When the ECU is in 'closed loop mode', the duration of the injector pulse dictates how much fuel is delivered and this is indirectly adjusted using feedback from the lambda sensor in the exhaust (rich/lean air/fuel ratio in exhaust gasses).SPARK TIMING GOALS:
The sooner the spark is fired before the piston reaches the top (spark advance), the higher the resulting combustion temperature and pressure will be (a similar effect to increasing compression ratio). This will also allow a slightly greater time for the pressure to be applied to the piston. All of this results in more power and better fuel efficiency. CO and HC emissions are reduced because combustion is more complete. If the timing is advanced too much, however, an uncontrolled explosion will result (engine knock). This can cause engine damage (piston melting) and will increase NOx emissions because the extremely high temperatures will start to oxidize the normally unreactive nitrogen in the air. It is very desirable from performance, economy, and emissions standpoints that spark timing be advanced to just below the point where knock occurs. To this end the Motronic makes use of two knock sensors; One for each bank of cylinders. These sensors are used to detect the initial signs (precursors) at the onset of engine knock. The feedback from these sensors is used to help the ECU dynamically advance the ignition timing to optimum. They are basically small microphones bolted to the engine block which react to vibrations of a certain frequency. They scan every 100 milliseconds.
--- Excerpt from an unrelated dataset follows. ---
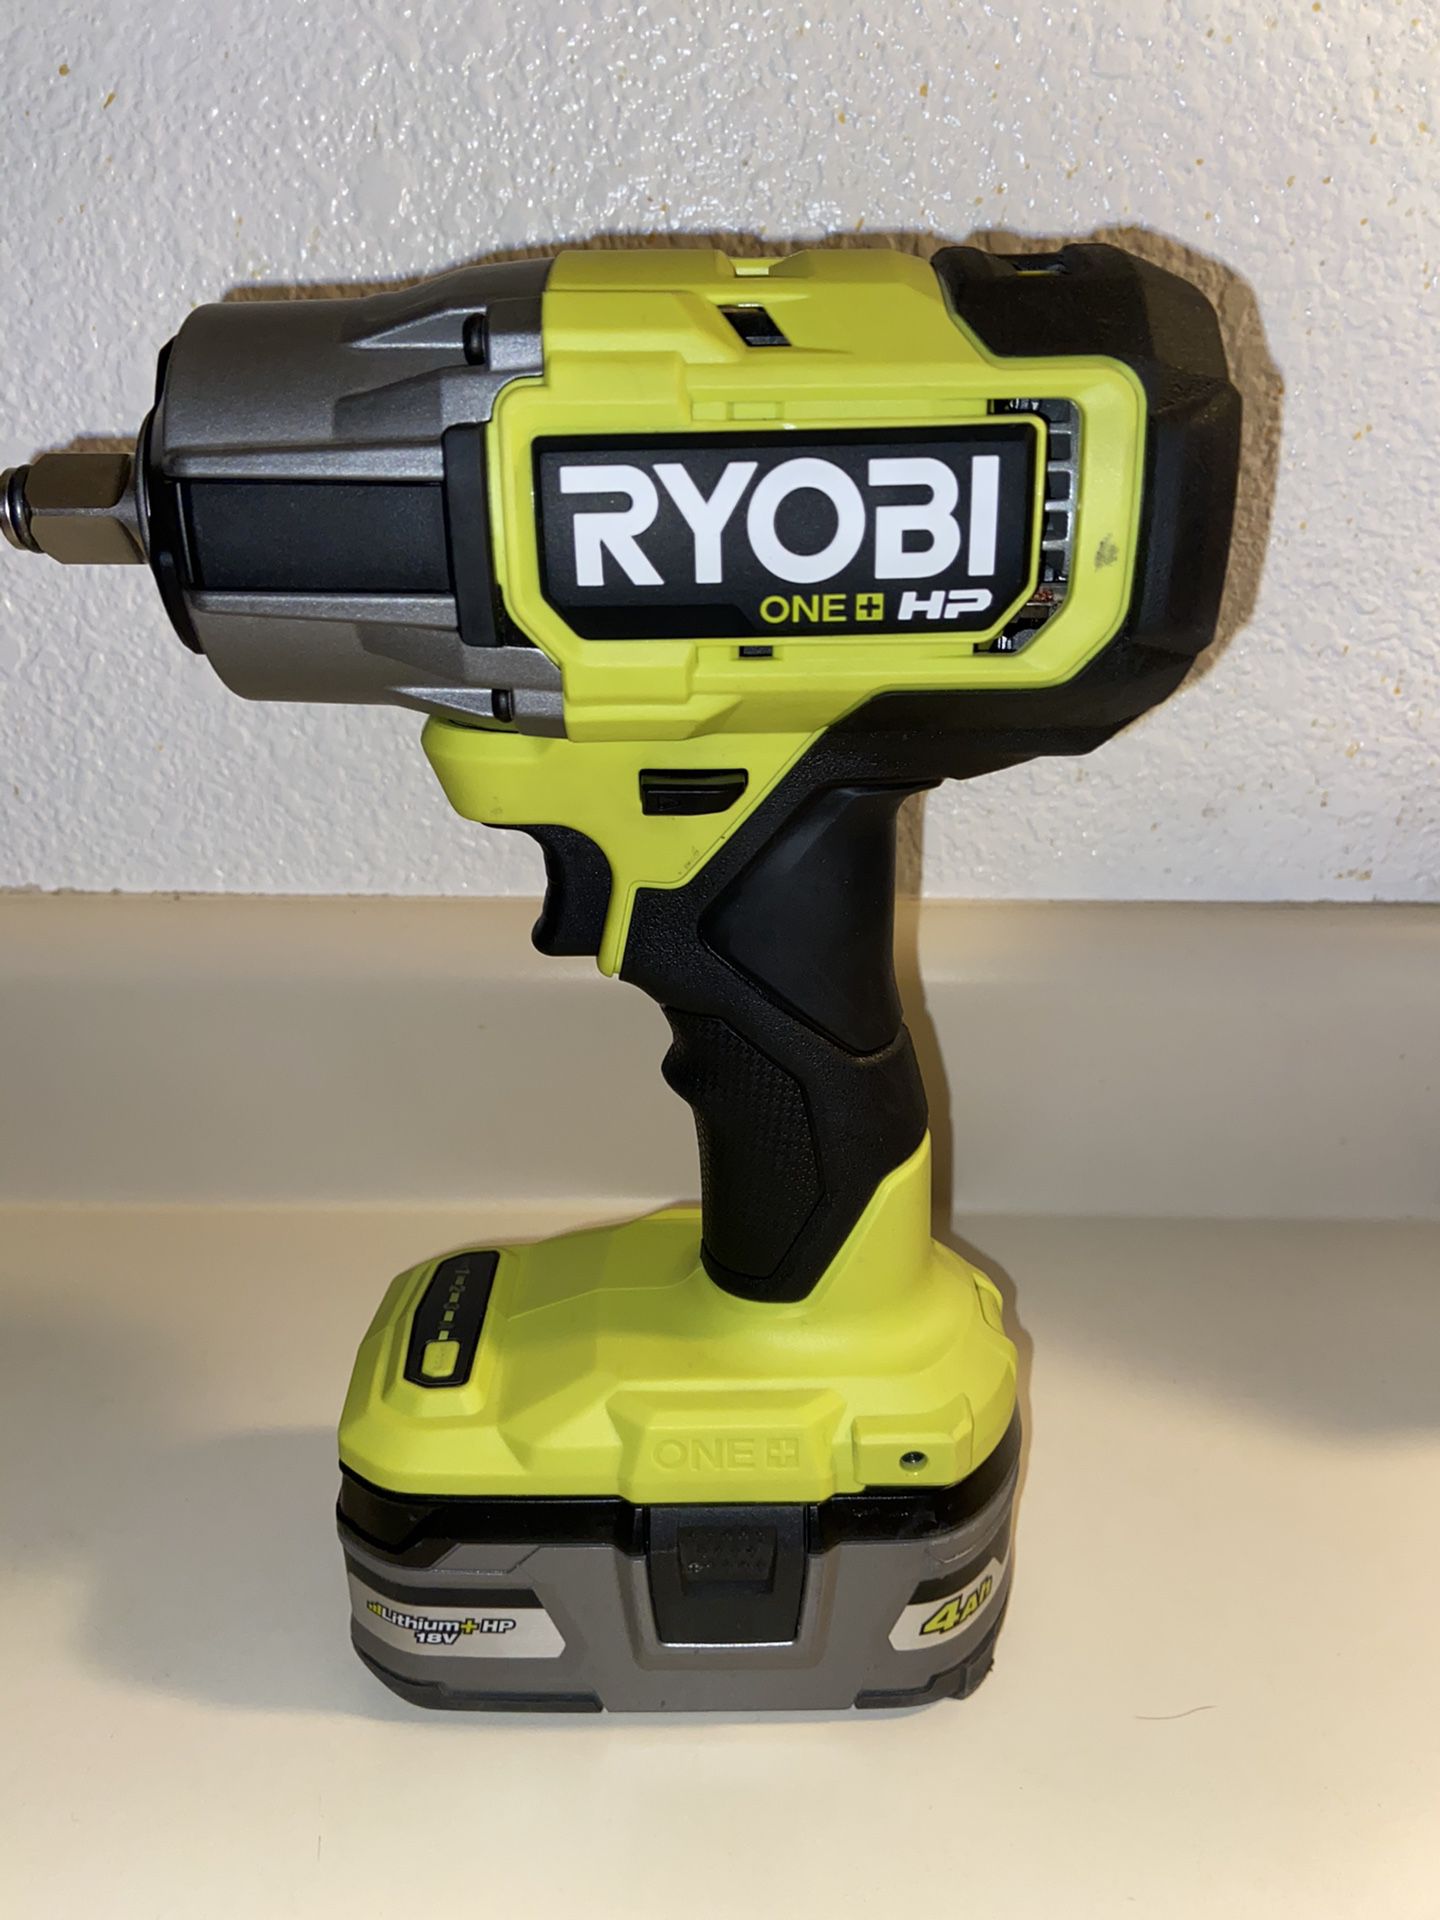 RYOBI One+HV 18V Brushless Cordless 1/2 Inch Impact Wrench

CONTROL MAPS AND ADAPTIVE TUNING:
When trying to determine the spark timing and fuel requirements, the Motronic system reads information from the operating sensors and then goes to some big look-up tables (or Control MAPS) that indicate the best guess for spark and fuel at that moment. The feedback sensors are then used to tweak the spark and fuel values towards an optimum. If a big 'tweak' was needed, then the firmware will change the value in the look-up table with the hope that it will be closer the next time that data point is used (Adaptive Tuning). All of this process is continuous, and it cycles and repeats at a high frequency. This adaptive tuning feature means that the Motronic is capable of 'learning' the specific settings for your engine. This also means that the ECU is able to re-optimise engine tuning after minor modifications have been made (e.g. enlarged throttle body). However, this adaptive feature does have limits.
The Motronic system contains a 'base map' that is copied over to the active control map when the system loses power or is otherwise re-initialized. This is useful if there was a malfunctioning component or something else that caused the active map to get messed up. You can also force the adaptive map to reset to default after modifying engine components in order to learn a new set of adaptive parameters based on original values (rather than your engines old adaptive control maps).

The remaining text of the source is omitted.